Exercise aim: Reproduce the entries below exactly, but only from the line containing "Illustration of an" to the line containing "Enameled Chandelier by", inclusive.

── Data to use

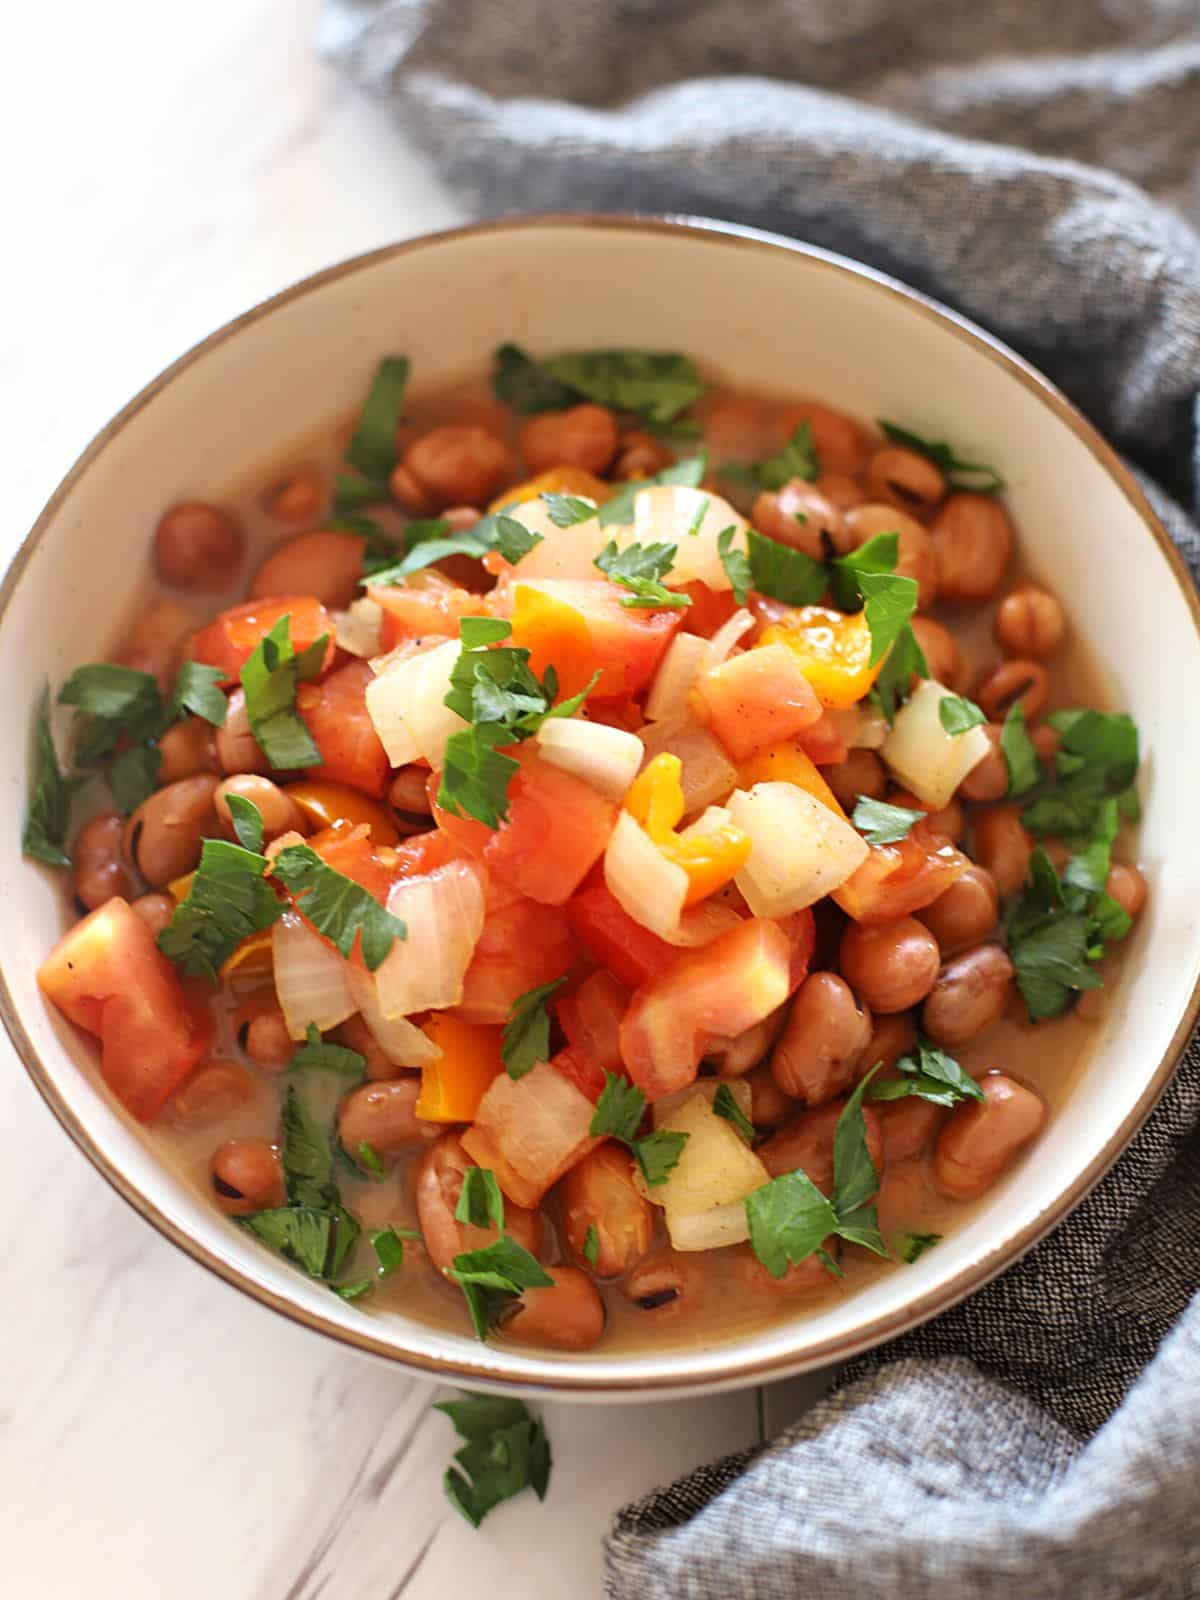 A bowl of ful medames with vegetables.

────
── Data to use

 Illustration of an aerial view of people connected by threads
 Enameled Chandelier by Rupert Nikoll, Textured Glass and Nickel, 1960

────
── Data to use

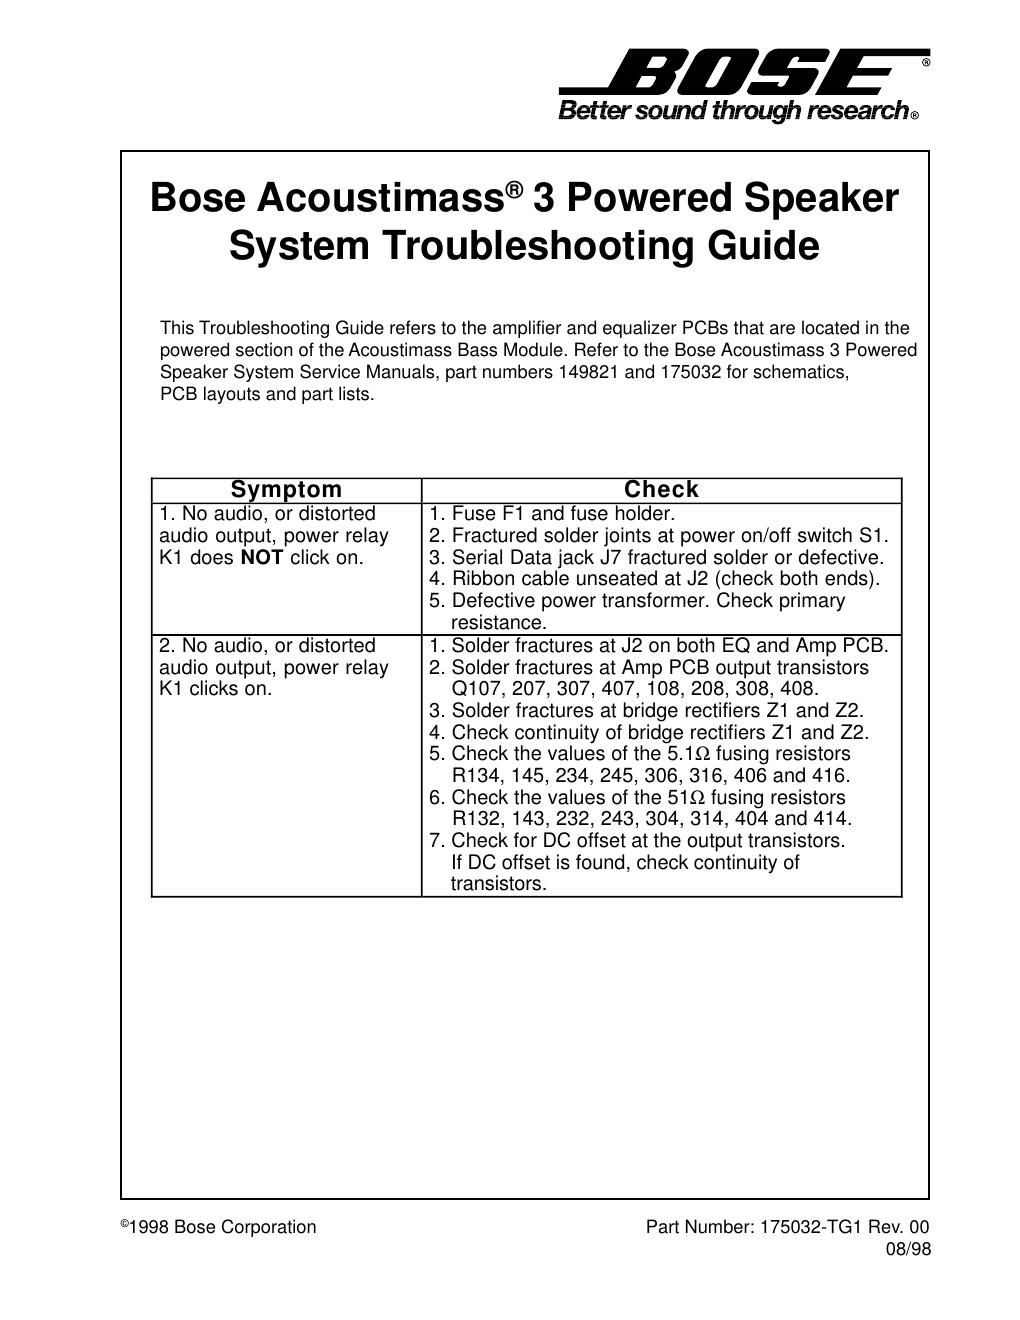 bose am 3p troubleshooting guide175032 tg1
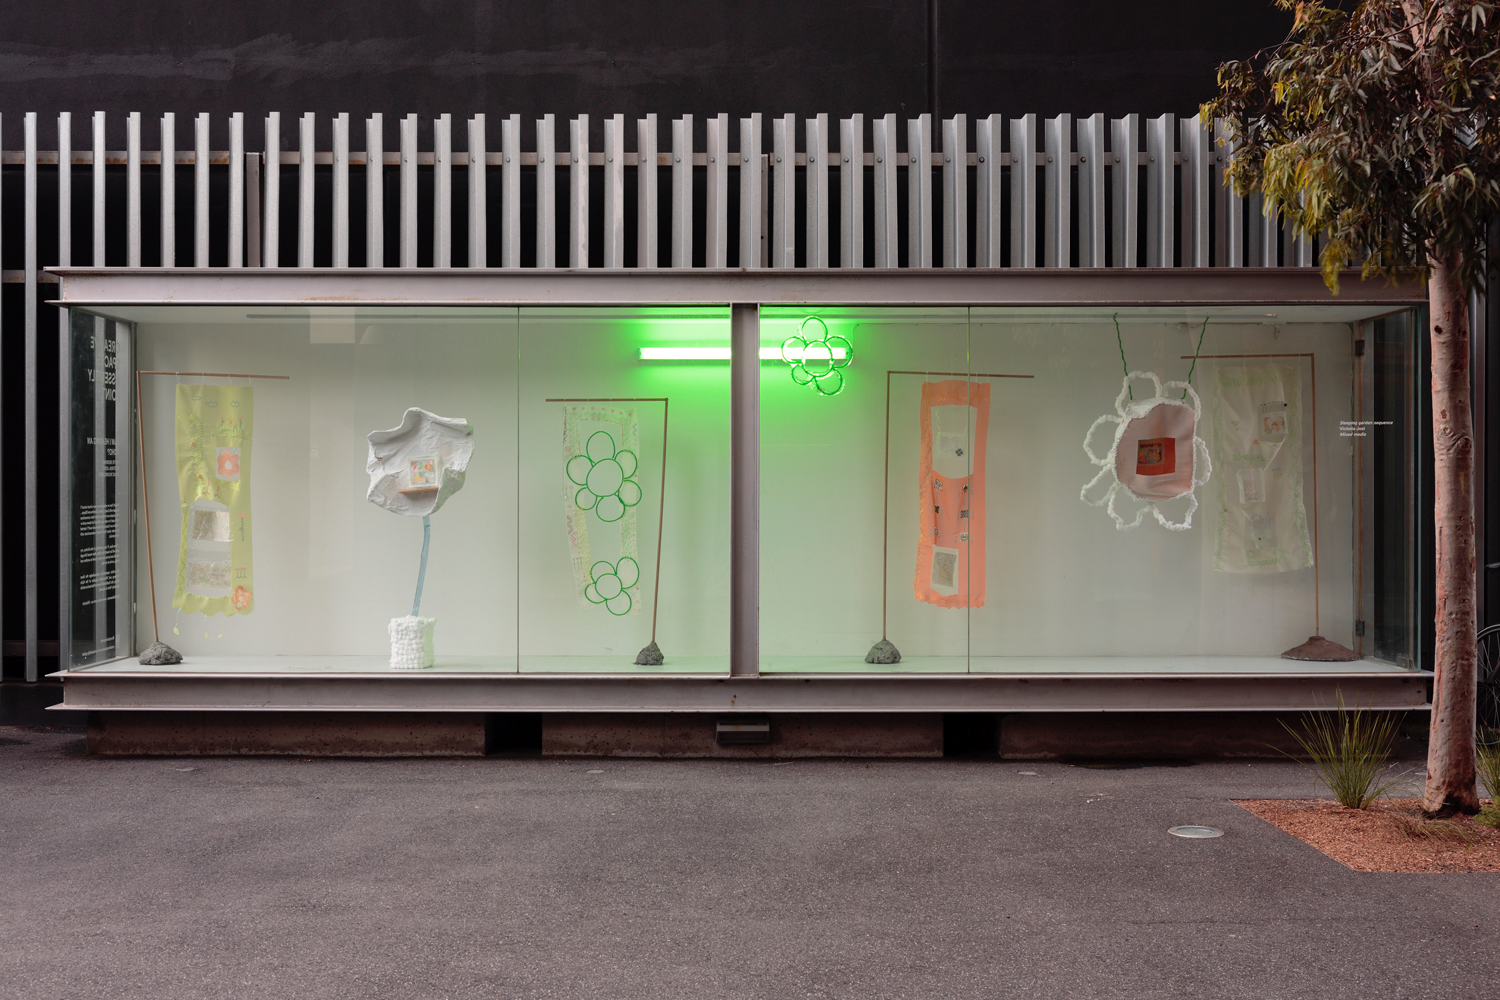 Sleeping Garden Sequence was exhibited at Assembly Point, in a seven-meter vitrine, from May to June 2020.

────

Exercise output:
 Illustration of an aerial view of people connected by threads
 Enameled Chandelier by Rupert Nikoll, Textured Glass and Nickel, 1960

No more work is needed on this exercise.